Di Desa Aepodu juga telah dibangun sistem distrubusi air rakyat yang menggunakan air bawah tanah. Diduga pembangunan bak penampunagn air raksasa ini menjadi penyebab berkurangnya air yang mengalir ke persawahan petani. Tak hanya itu perambahan kawasan hutan juga dituding sebagai biang 'hilangnya' jejak air tanah. Karmono tak habis mengerti mengapa pemerintah tak juga memberikan perhatian pada irigasi ini. Padahal ratusan hektar sawah menaruh harapan pada irigasi itu. Parahnya sebagain besar sawah-sawah itu oleh pemiliknya dibiarkan terlantar.
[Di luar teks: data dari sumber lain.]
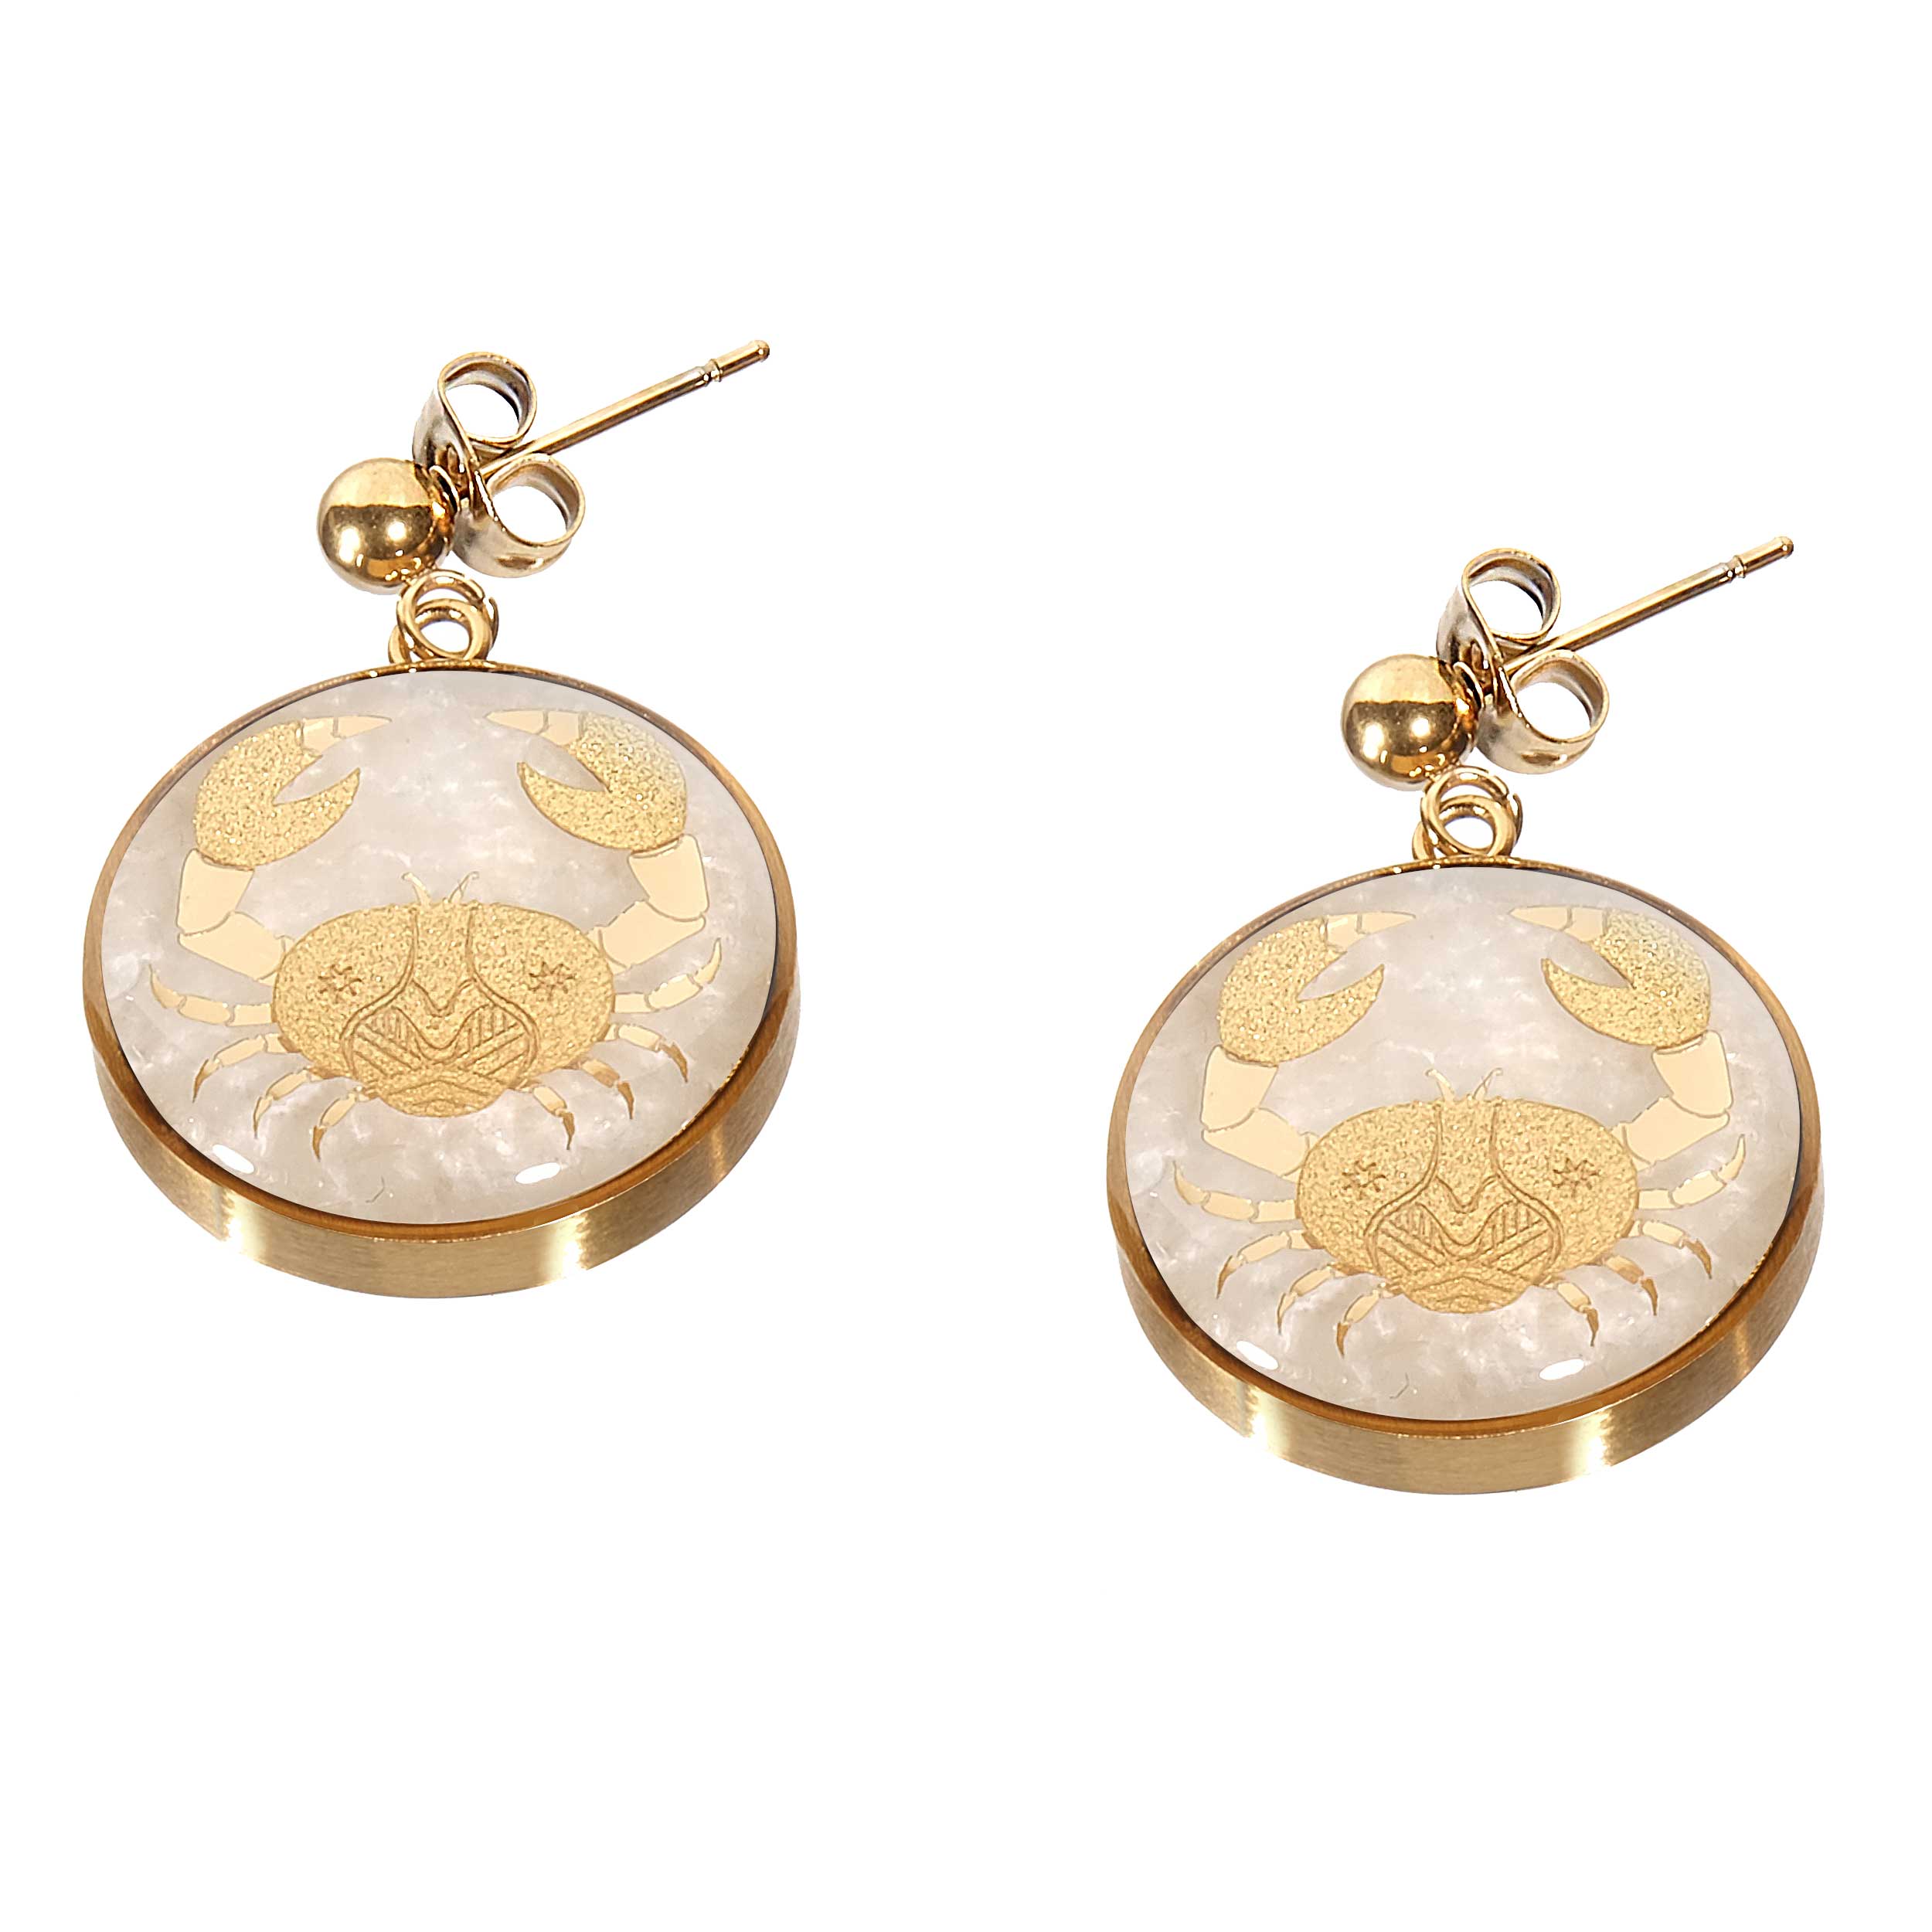 Shell stone earrings and 24 carat gold leaf with the symbol design of July

Indonesia seperti juga banyak negara yang lain sudah lama mengalami krisis air, bukan dari segi kuantitas yang dihitung dari jumlah air yang datang sebagai air hujan sepanjang tahun akan tetapi dari segi kuantitas pada suatu kurun waktu pendek di sumber air terutama sungai. Jumlah air yang mengalir sepanjang tahun relatif tetap sama namun penyebarannya sudah jauh berubah. Debit sungai dalam waktu singkat amat besar tiba-tiba menurun sehingga pemanfaatannya tidak sesuai lagi dengan kebutuhan bahkan menimbulkan bencana, bencana banjir dan bencana kekeringan.
Dari segi kualitas juga banyak berubah, air yang dulunya bebas untuk segala keperluan sekarang tidak lagi. Banyak sumber air tercemar sehingga kualitas air jauh berkurang bukan hanya untuk keperluan air minum tetapi juga untuk usaha pertanian dan berbagai keperluan lainnya. Banyak sungai yang dulunya merupakan sumber air minum sekarang tidak lagi.
Sungai Laeya, Kabupaten Konawe Selatan pada tahun 1980-an masih digunakan sebagai sumber air minum imasyarakat Konawe Selatan di bagian timur, sudah lama tidak digunakan karena sekarang debit airnmya yang semakin kecil sehingga tidak lagi digunakan masyarakat secara mayoritas.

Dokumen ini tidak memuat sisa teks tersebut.